Where does this stuff come from? It comes from sensory deprivation. It comes from turning down all the volume knobs to the one setting—or somewhere between zero and one—on everything, so I can actually hear myself think and I can actually poke around inside myself. We’re all so used to cultural noise being played at full volume. It can come as a surprise, even to myself, how much you can know about what’s going on by listening to almost nothing. It’s important, because if you have it up at full volume, you can’t hear yourself think, and all you want to do is chase after the stuff that’s going on.

And if you think Mr Franzen might have got a little too big for his boots, then following Emperor Franzen on Twitter might be for you (“I was on the cover of TIME. That’s TIME magazine, bitches…”).

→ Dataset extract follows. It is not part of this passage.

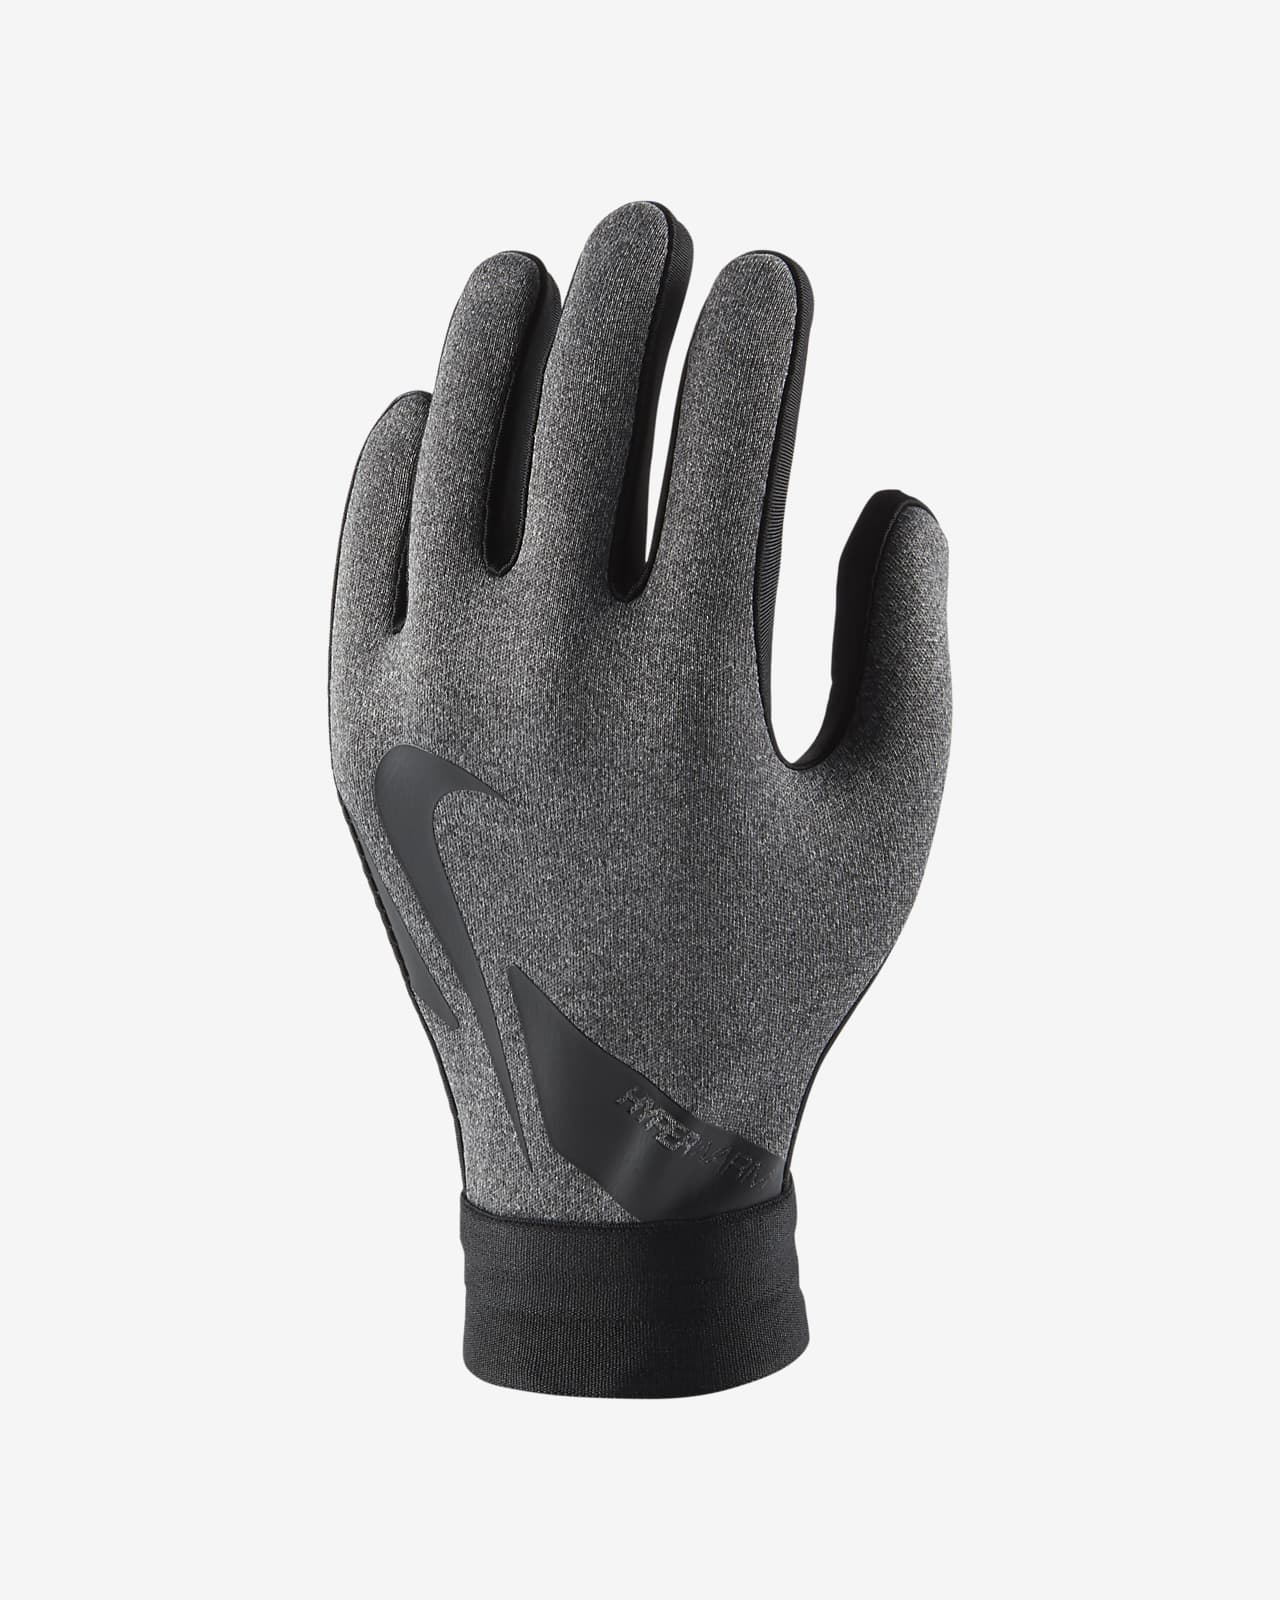 provincie compleet Hou op nike hyperwarm gloves junior, Off 66%, www.iusarecords.com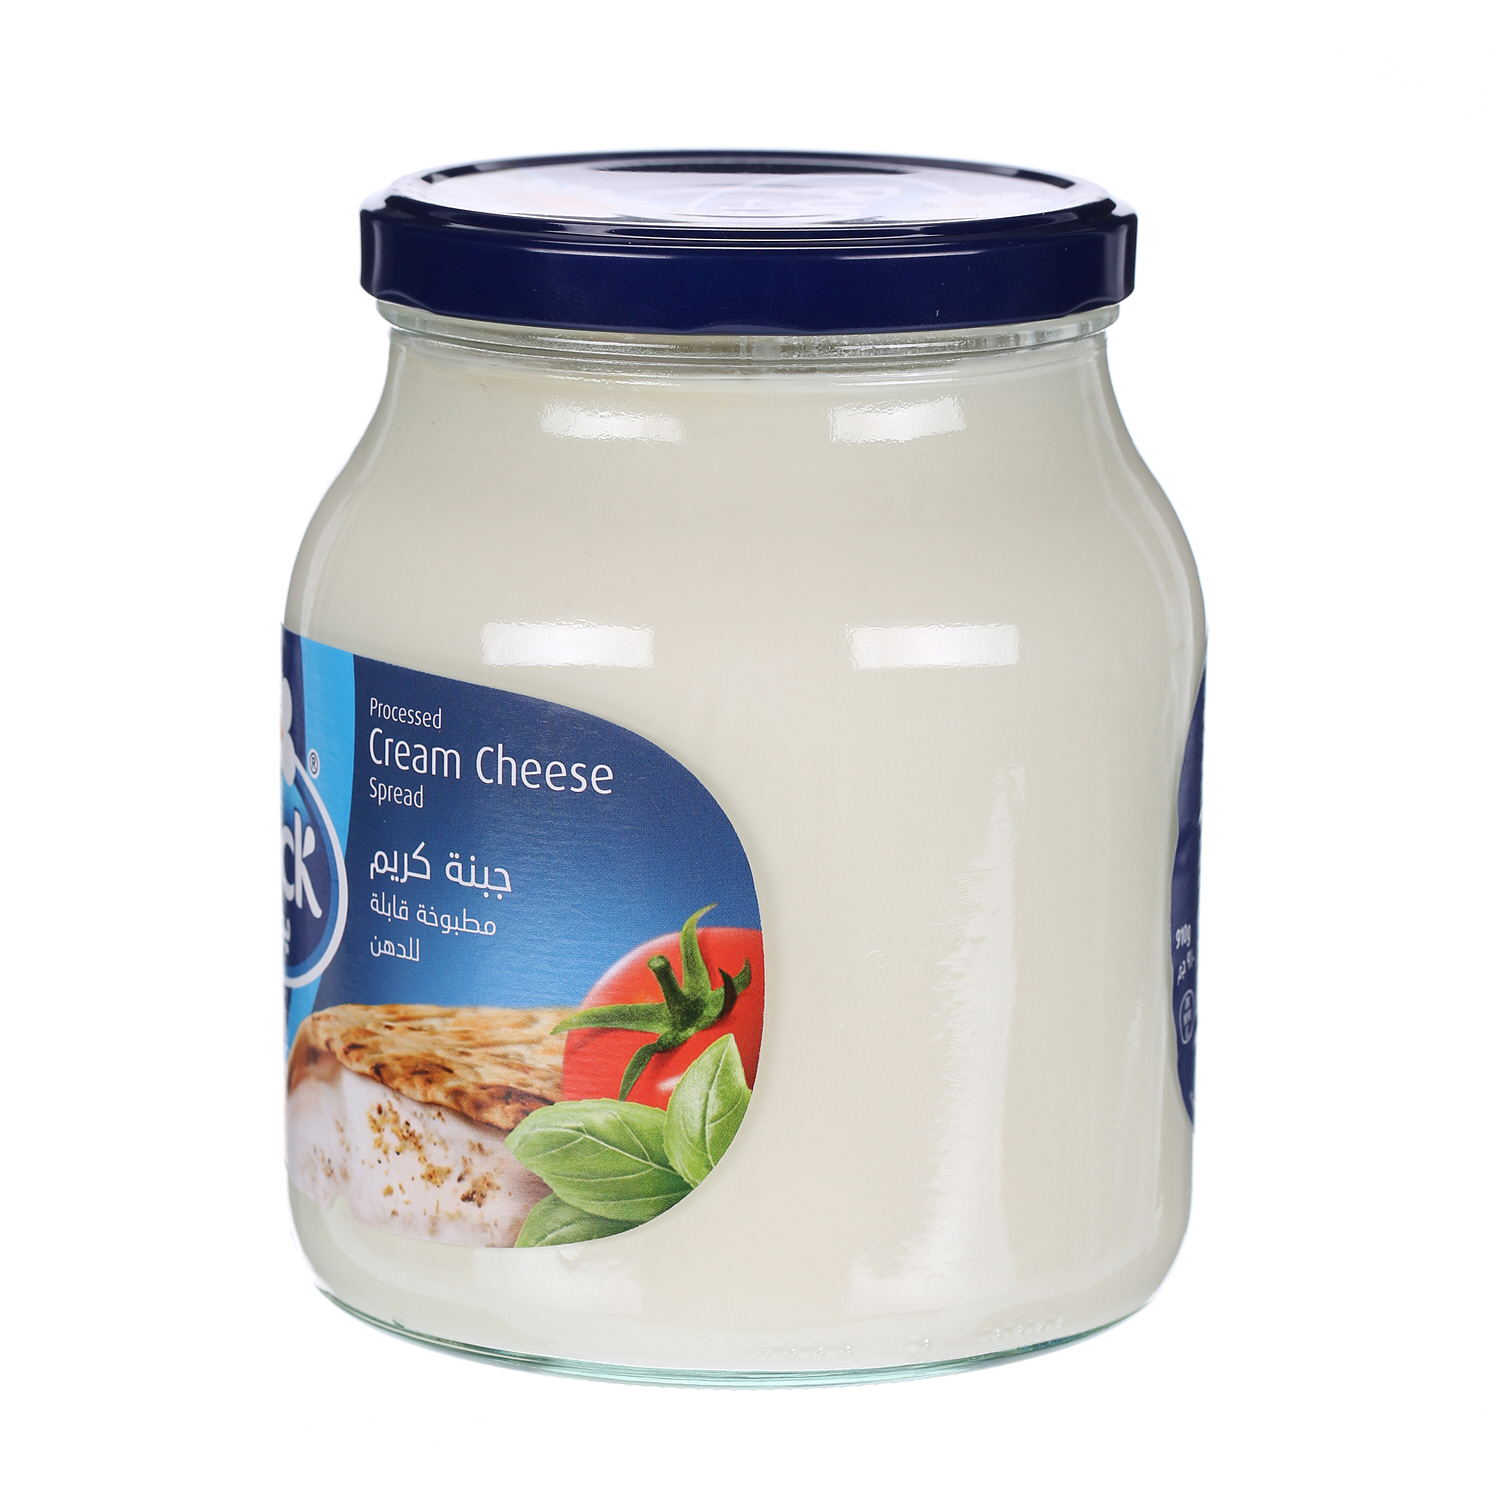 Puck Cheese Cream Jar 910 g

Fighting the Last War — John Le Carré talks to the BBC Radio 4 Today Programme about his new novel Our Kind of Traitor (released next month):

“I was laughed at, in a way, when the Cold War ended and the wall came down… ‘Poor old Le Carre, what will become of him? Nobody’s spying anymore.’ The reality is, the budgets have never been bigger, the recruitment has never been more wholesale.”

Boredom — Lee Rourke, author of The Canal, interviewed for 100th issue Bookslut:

We’re in constant thrall, either waiting to be used by technology or desperately trying to catch up with it. Boredom is the realization of an acute emptiness caused by this widening void… There’s nowhere for us to go now. We are stranded. We have been marooned. My novel, The Canal, is a summation of this sense of dread: this slow realization that things, everything, is speeding up and moving away from us. We have been left with the inability to deal with what this distance creates within us…

And finally…

Living in Conservative Times — Tom McCarthy reviews What Ever Happened to Modernism? by Gabriel Josipovici for The Guardian:

In cultural terms, we live in deeply conservative times… We shouldn’t imagine, though, that things were that different in the golden age of modernism. Ulysses was printed, in 1922, on a small, private press in Paris, in a run of 1,000; Kafka’s Metamorphosis, on its small-press publication in 1915, sold 11 copies – of which 10 were bought by Kafka. Yet can anyone, now, name the successful middlebrow writers of 1922 or 1915? Of course not.

(And, as this is a blog for people who like to live under rocks, Tom’s novel C was shortlisted for the 2010 Man Booker Prize yesterday.)